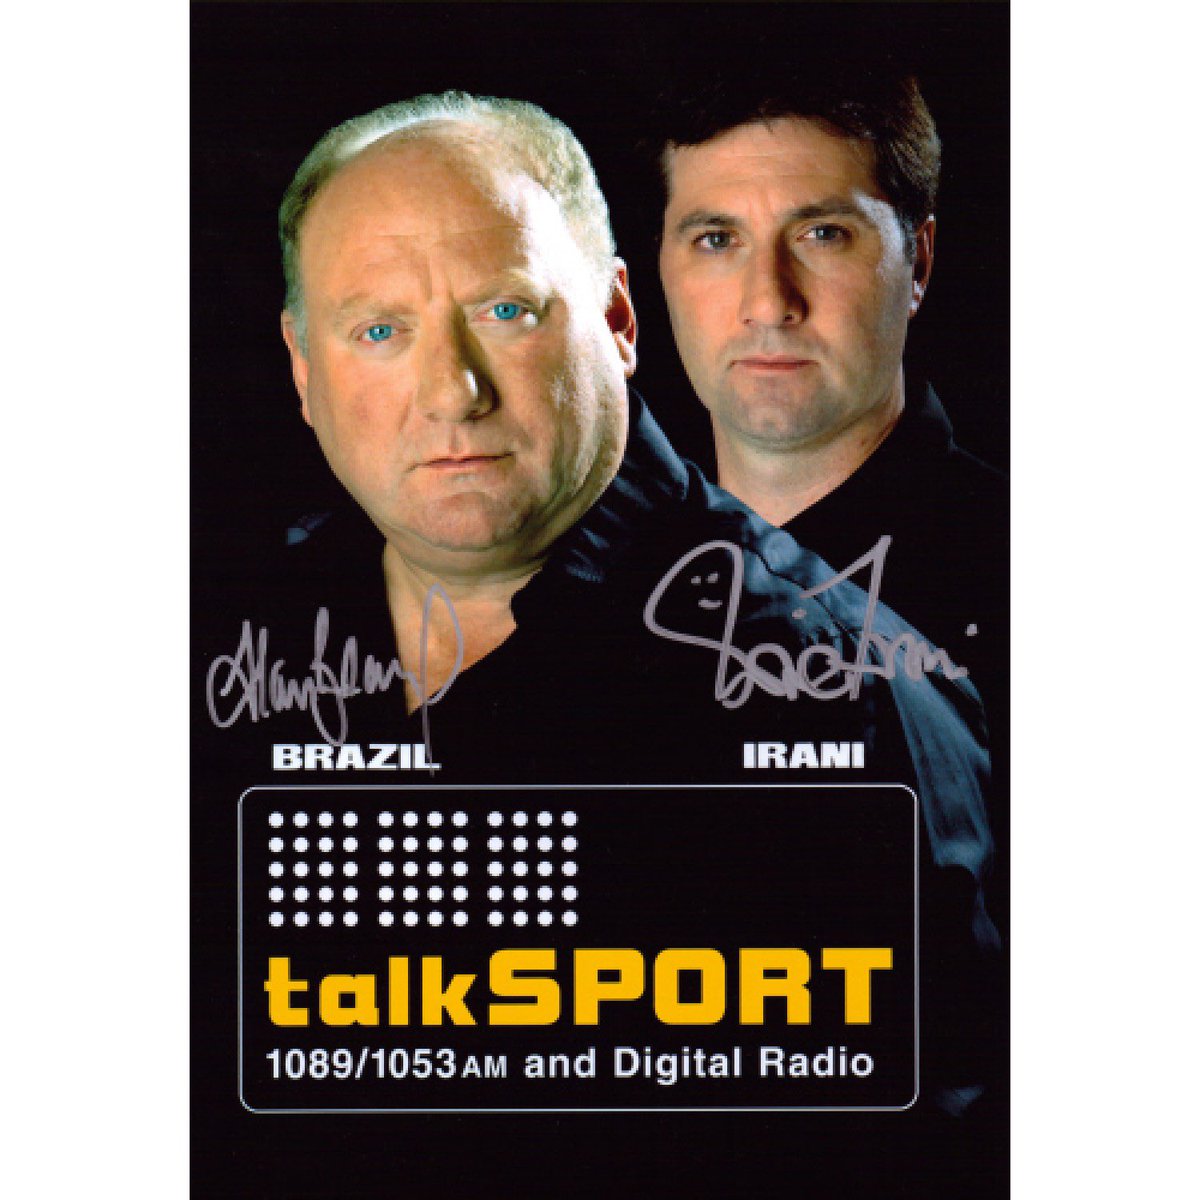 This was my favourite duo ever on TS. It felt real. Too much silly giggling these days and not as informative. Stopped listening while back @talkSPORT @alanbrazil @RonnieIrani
==
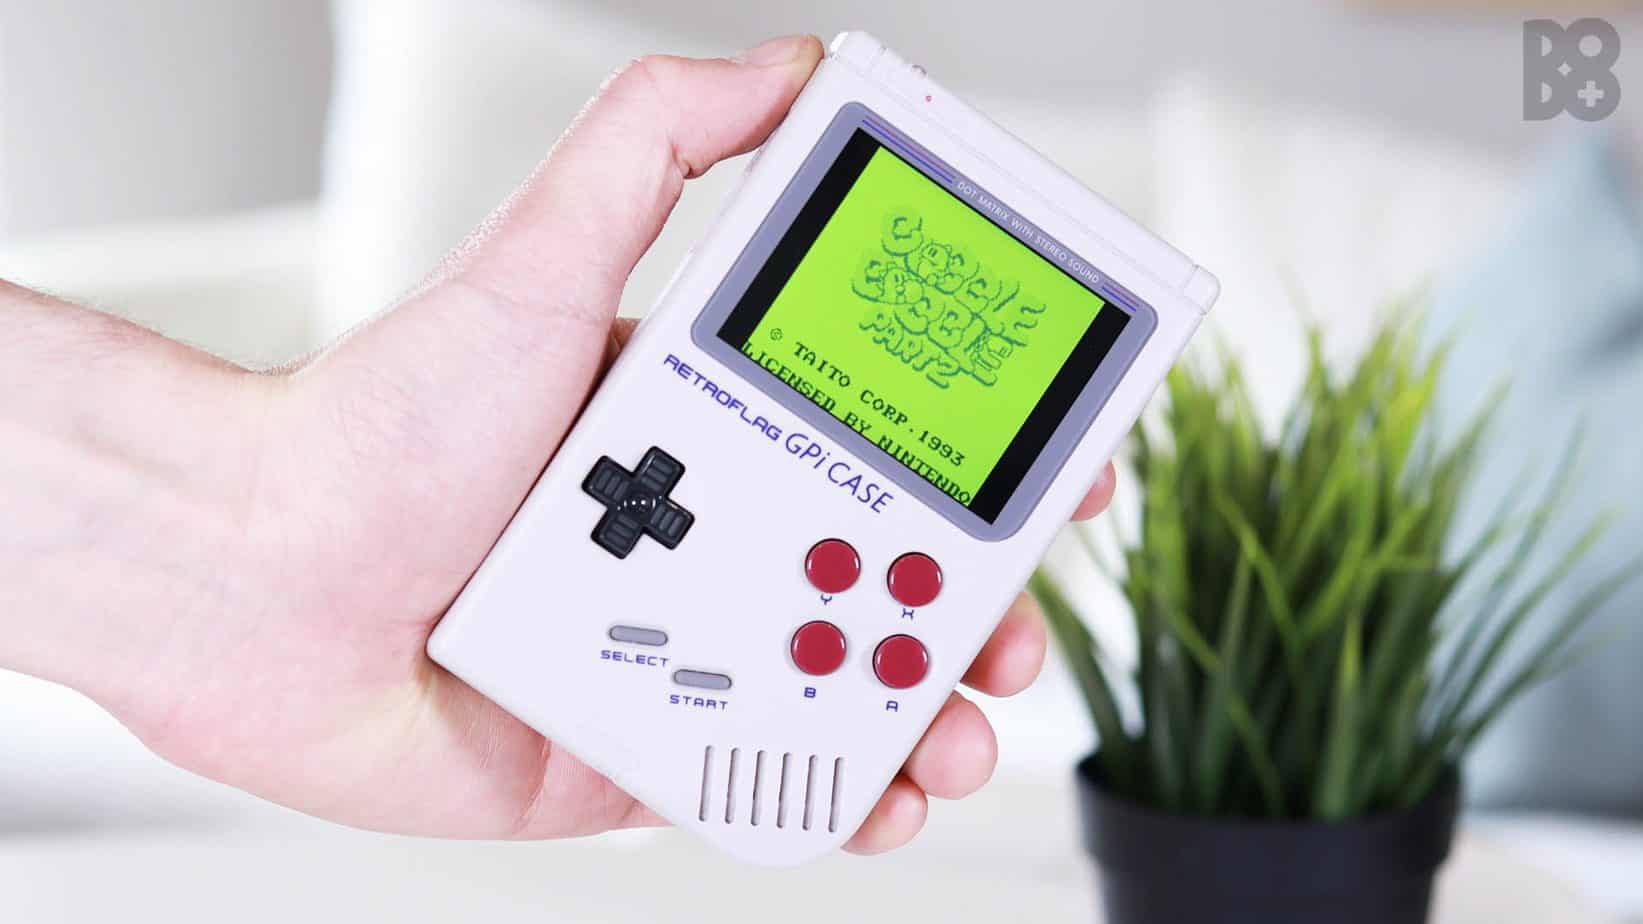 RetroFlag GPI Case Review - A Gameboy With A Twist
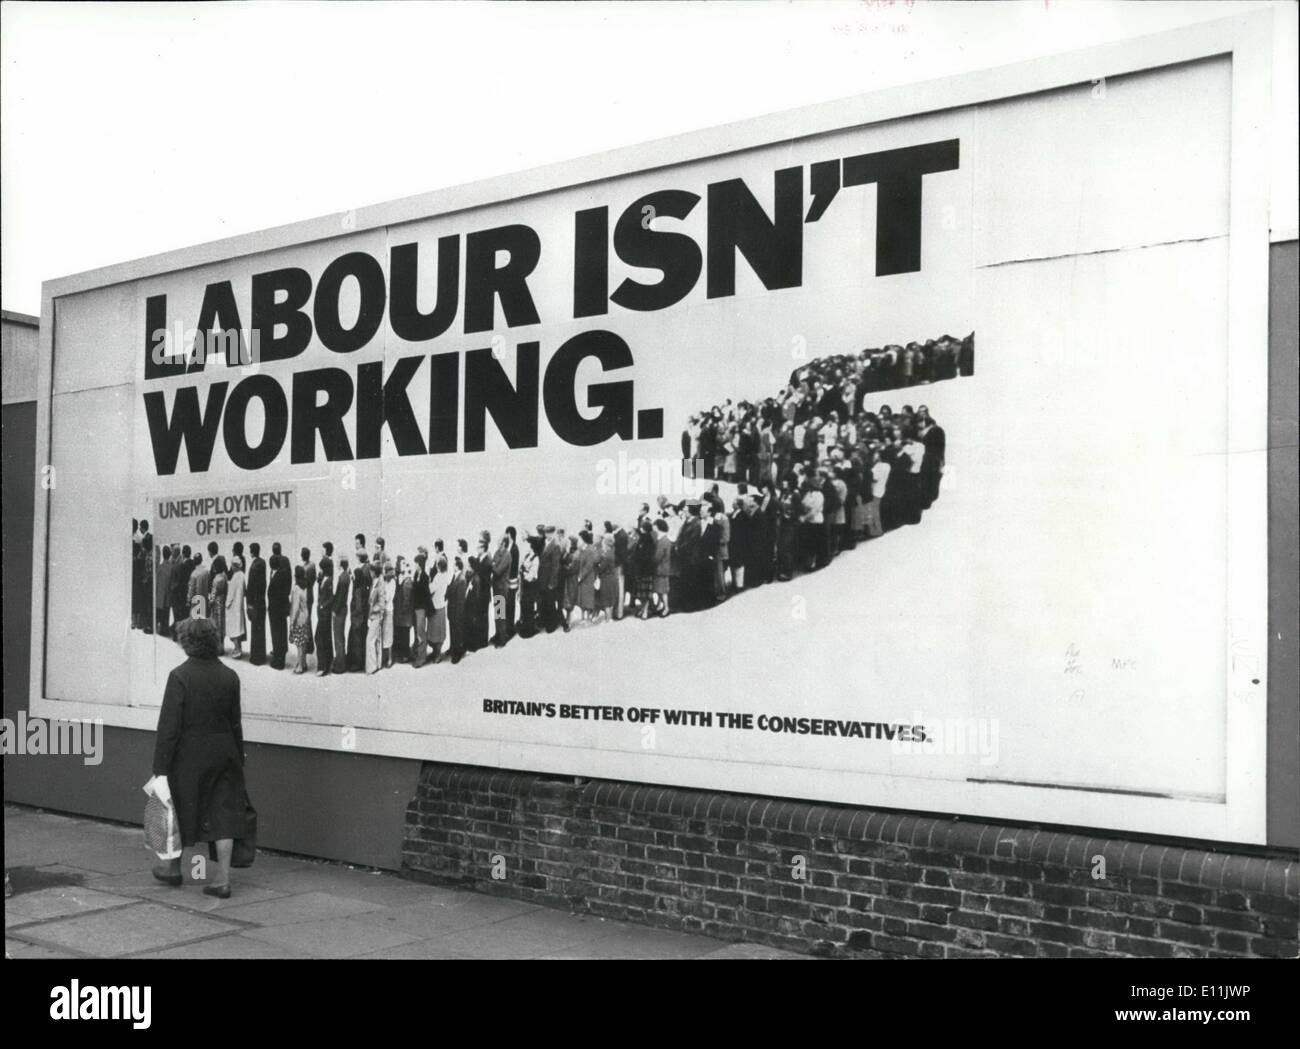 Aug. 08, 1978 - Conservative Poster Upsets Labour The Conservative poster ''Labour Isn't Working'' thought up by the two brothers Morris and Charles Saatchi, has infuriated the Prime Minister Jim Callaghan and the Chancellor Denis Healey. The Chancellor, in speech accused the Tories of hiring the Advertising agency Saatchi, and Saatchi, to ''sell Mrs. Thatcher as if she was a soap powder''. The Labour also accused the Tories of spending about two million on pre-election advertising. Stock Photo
--
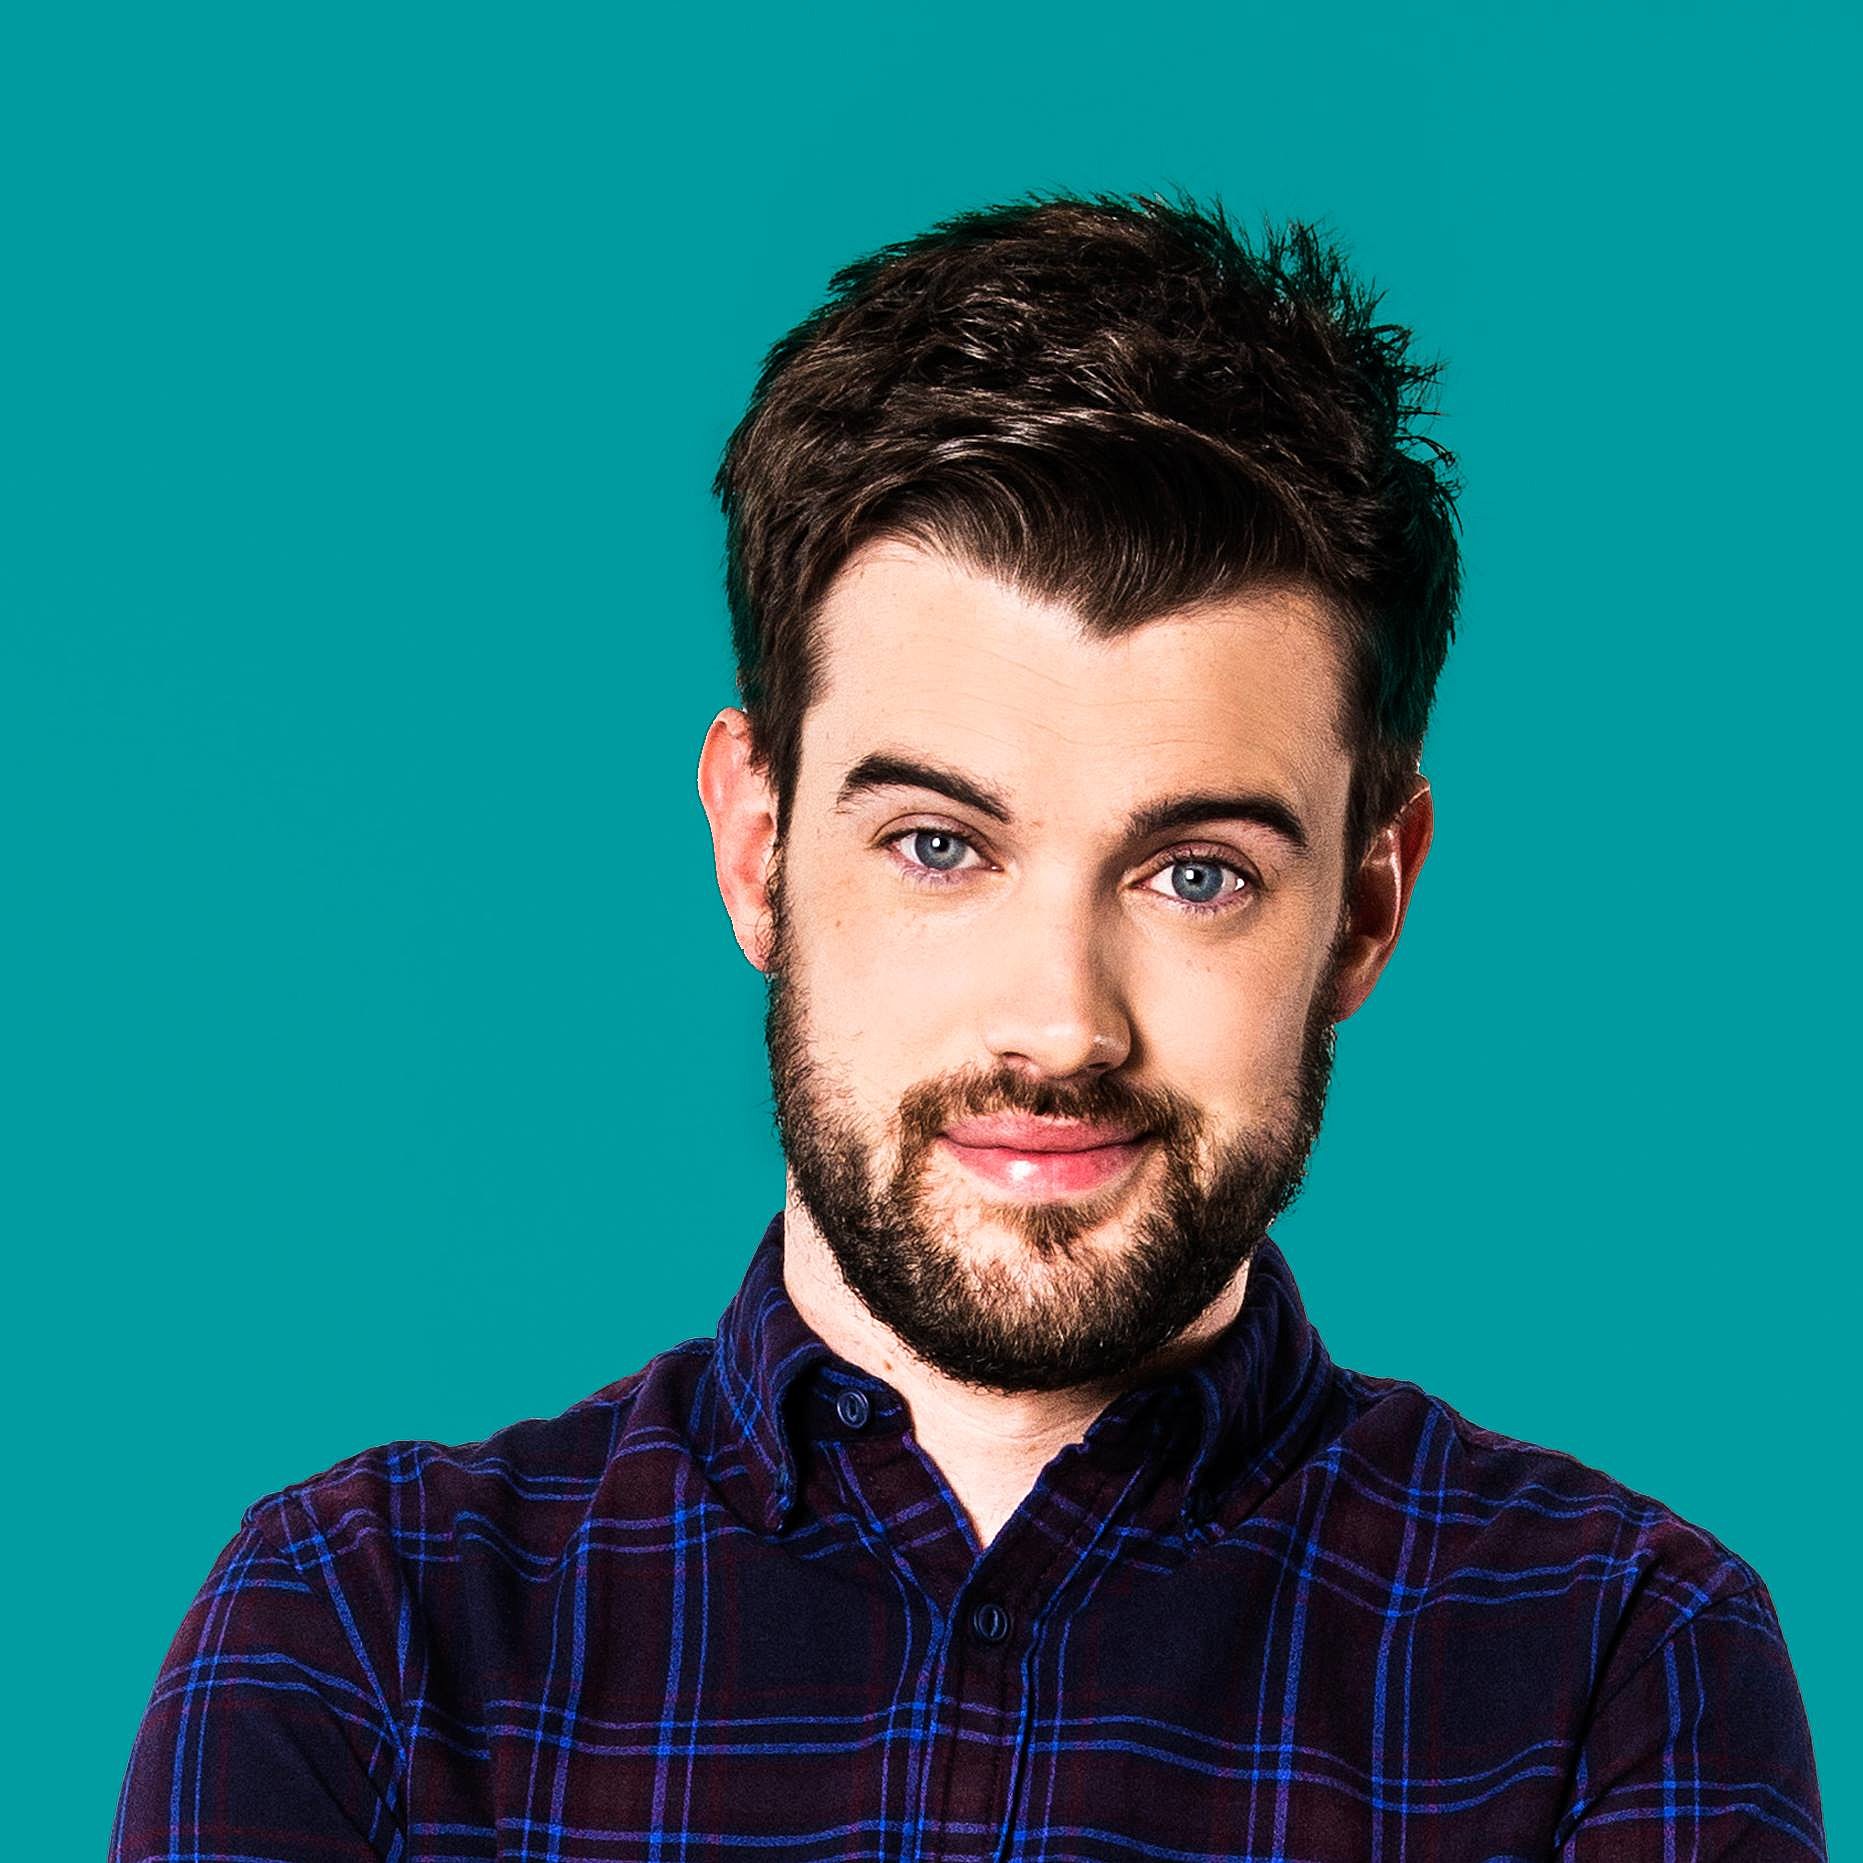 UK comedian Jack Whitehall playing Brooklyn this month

◆ PROBLEM DESCRIPTION
All that is wanted is the lines above between the one containing "RetroFlag GPI Case" and the one containing "Aug. 08, 1978", inclusive, restated word for word, with pictures omitted.

◆ YOUR SOLUTION
 RetroFlag GPI Case Review - A Gameboy With A Twist
 Aug. 08, 1978 - Conservative Poster Upsets Labour The Conservative poster ''Labour Isn't Working'' thought up by the two brothers Morris and Charles Saatchi, has infuriated the Prime Minister Jim Callaghan and the Chancellor Denis Healey. The Chancellor, in speech accused the Tories of hiring the Advertising agency Saatchi, and Saatchi, to ''sell Mrs. Thatcher as if she was a soap powder''. The Labour also accused the Tories of spending about two million on pre-election advertising. Stock Photo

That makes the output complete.